Impact of the key identified genes on TIICs
We further analyzed the effects of the main differentially expressed genes in female (Figure S2) and male (Figure S3) patients with LUAD on immune cell infiltration. For female LUAD patients, the relative proportions of memory B cells (p = 0.004), CD4 memory resting T cells (p = 0.014), resting dendritic cells (p = 0.049) and resting mast cells (p = 0.011) were significantly upregulated in high CCR2 expression group compared with the low CCR2 expression group (Figure S2A). M0 macrophages (p = 0.019) and activated mast cells (p = 0.006) were present in lower proportions in the high CCR2 expression group than in the others (Figure S2A). The relative proportions of CD 8 T cells (p = 0.019), CD4 memory activated T cells (p = 0.005), M1 macrophages (p = 0.009) and neutrophils (p = 0.027) were significantly upregulated in high LCP2 expression group compared with the low LCP2 expression group (Figure S2B). Plasma cells (p = 0.002) and M0 macrophages (p = 0.038) were present in lower proportions in the high LCP2 expression group than in the others (Figure S2B). The relative proportions of memory B cells (p = 0.035), CD4 memory activated T cells (p = 0.013), and eosinophils (p = 0.016) were significantly upregulated in high PTPRC expression group compared with the low PTPRC expression group (Figure S2C). Activated NK cells (p = 0.044) and activated mast cells (p = 0.008) were present in lower proportions in the high PTPRC expression group than in the others (Figure S2C).
For male LUAD patients, the relative proportions of memory B cells (p = 0.022), CD8 T cells (p = 0.034), CD4 memory activated T cells (p < 0.001), monocytes (p < 0.001), resting dendritic cells (p = 0.002), and eosinophils (p < 0.001) were significantly upregulated in high BTK expression group compared with the low BTK expression group (Figure S3A). Plasma cells (p = 0.024), follicular helper T cells (p = 0.031), T cells regulatory (Tregs) (p = 0.039), activated NK cells (p = 0.013), and M0 macrophages (p < 0.001) were present in lower proportions in the high BTK expression group than in the others (Figure S3A). The relative proportions of CD8 T cells (p = 0.008), CD4 memory activated T cells (p < 0.001), monocytes (p = 0.006), and M1 macrophages (p < 0.001) were significantly upregulated in high CCR2 expression group compared with the low CCR2 expression group (Figure S3B). Gamma delta T cells (p = 0.031) and M0 macrophages (p < 0.001) were present in lower proportions in the high CCR2 expression group than in the others (Figure S3B).
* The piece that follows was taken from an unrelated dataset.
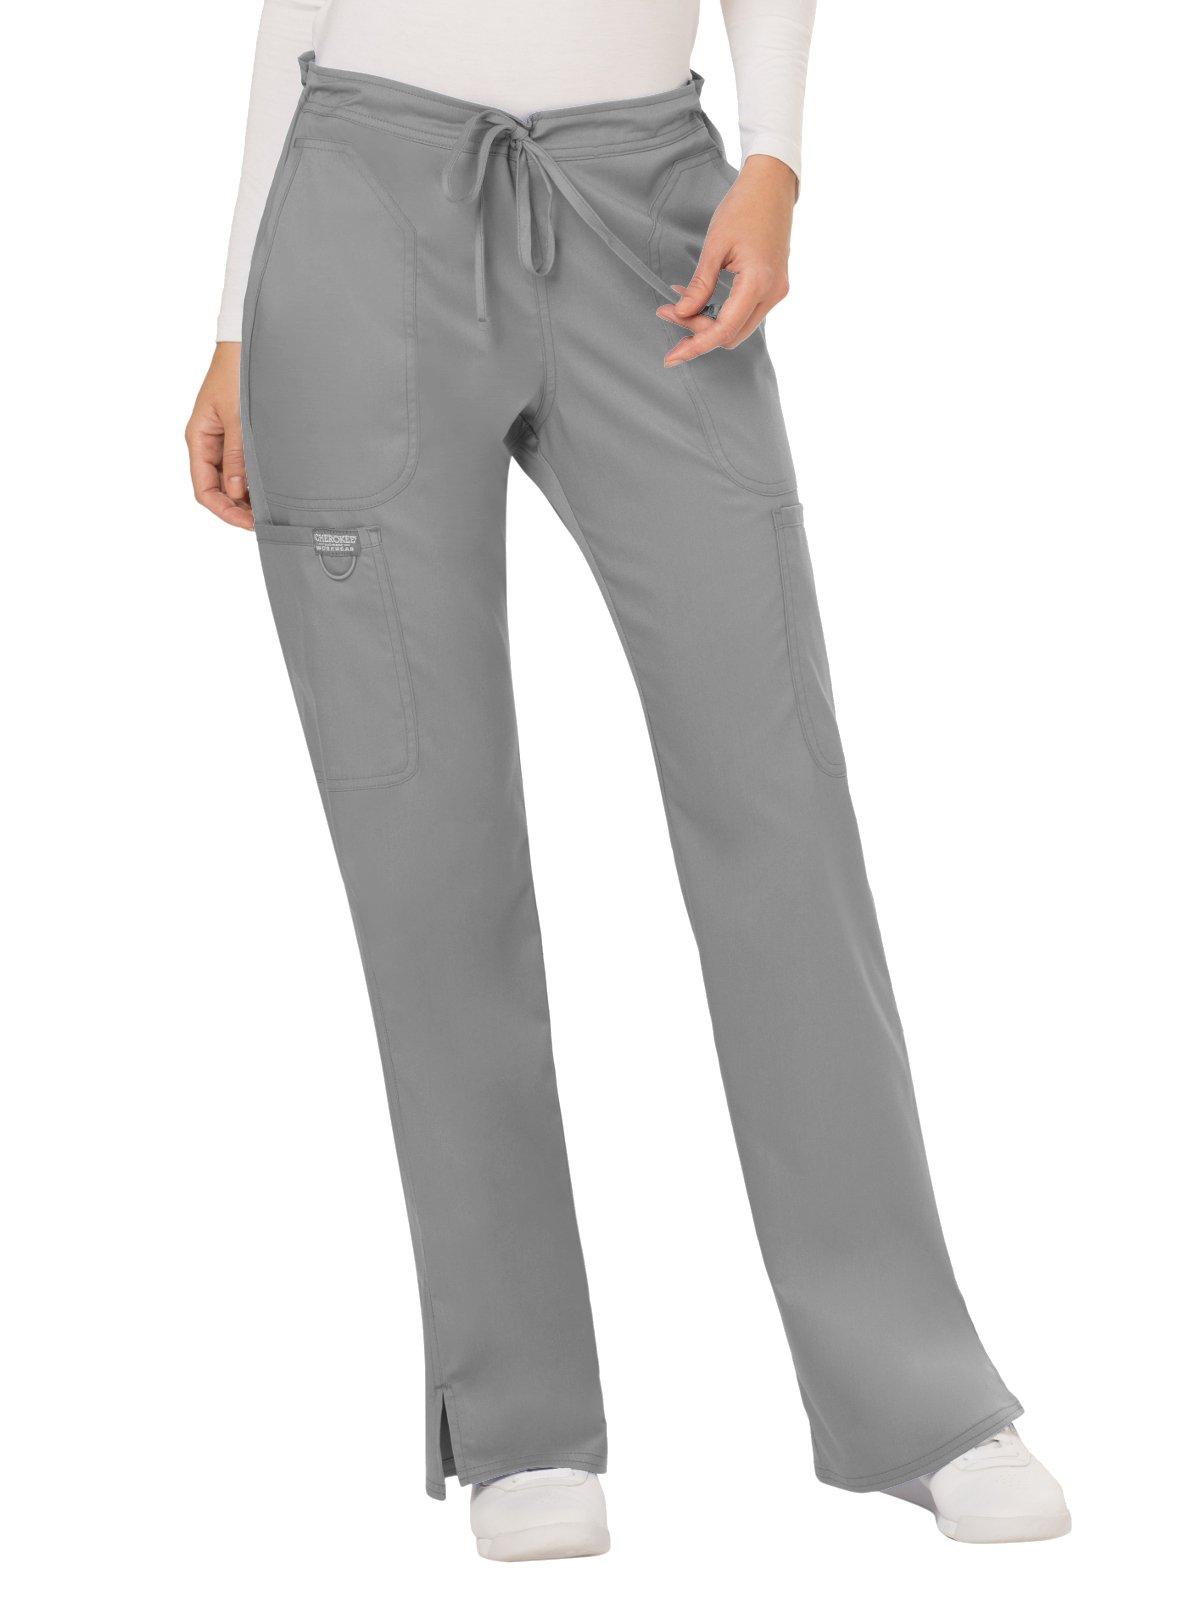 Cherokee WW Revolution WW120 Mid Rise Drawstring Cargo Pant Grey XS Tall
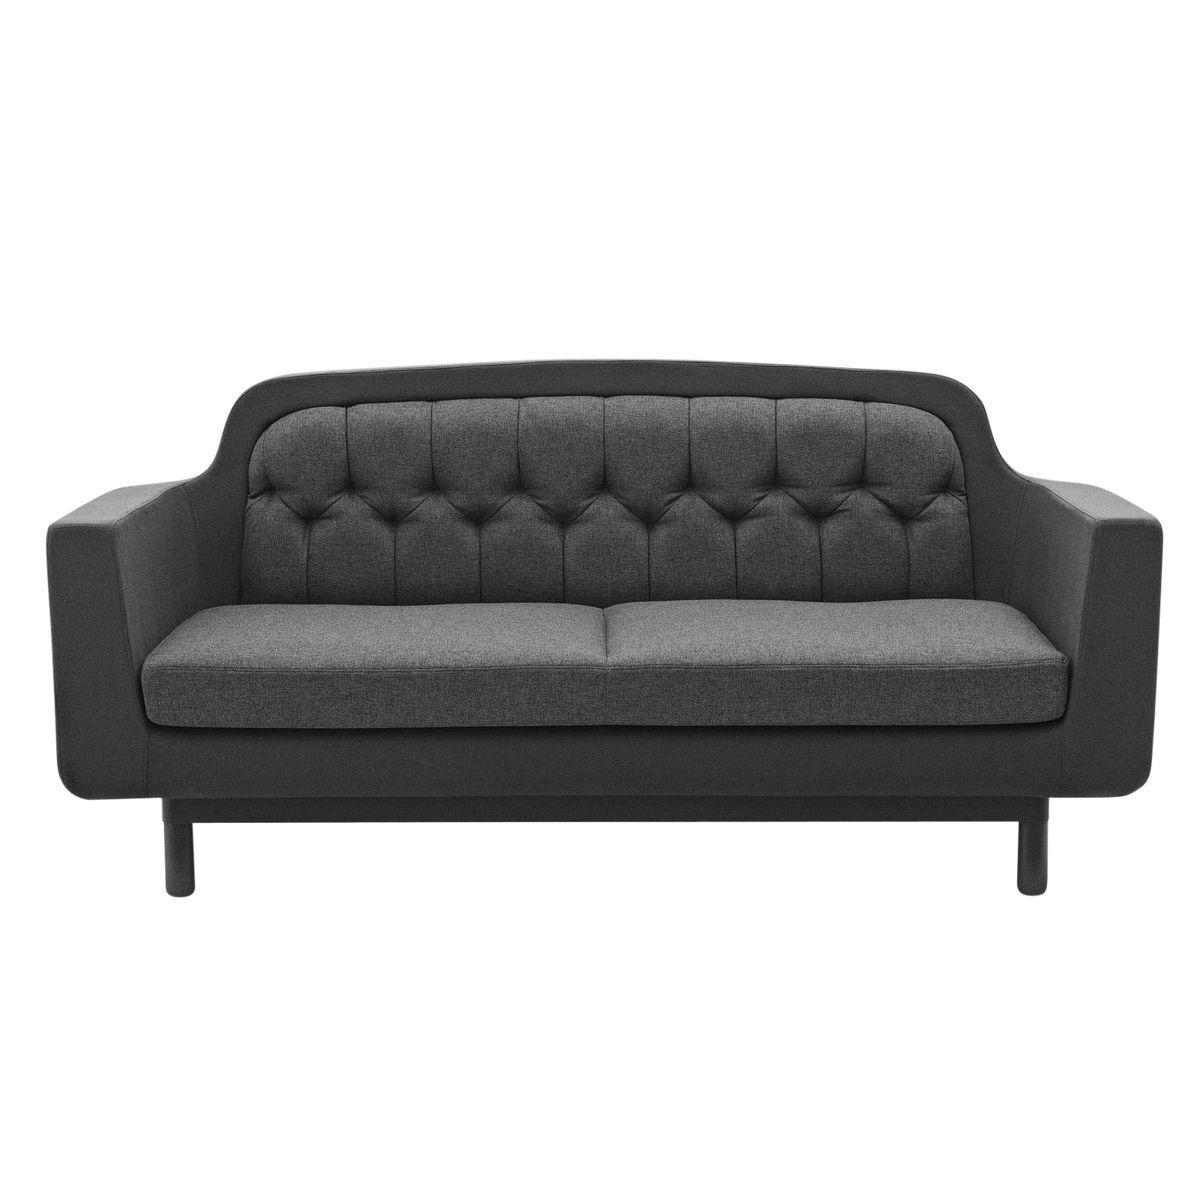 onkel sofa 2 seater normann copenhagen. Black Bedroom Furniture Sets. Home Design Ideas

Validation of TCGA results with GEO database
In order to verify the prognostic value of the identified genes from TCGA, we used GSE72094 as a validation cohort. Patients were divided into high expression groups and low expression groups respectively according to gene expression. We first compared the survival curves of female LUAD patients and male LUAD patients, which showed that the overall survival rate of female patients is better than that of male patients (Figure 8A). Kaplan-Meier survival curves further confirmed that male LUAD patients with high expression levels of CCR2 (Figure 8B) and BTK (Figure 8C) were present in a better overall survival than those with low expression levels of CCR2 and BTK. Similarly, Kaplan-Meier survival curves further verified that female patients with high expression levels of CCR2 (Figure 8D) LCP2 (Figure 8E), and PTPRC (Figure 8F) were present in a better overall survival than those with low expression levels of CCR2 LCP2, and PTPRC.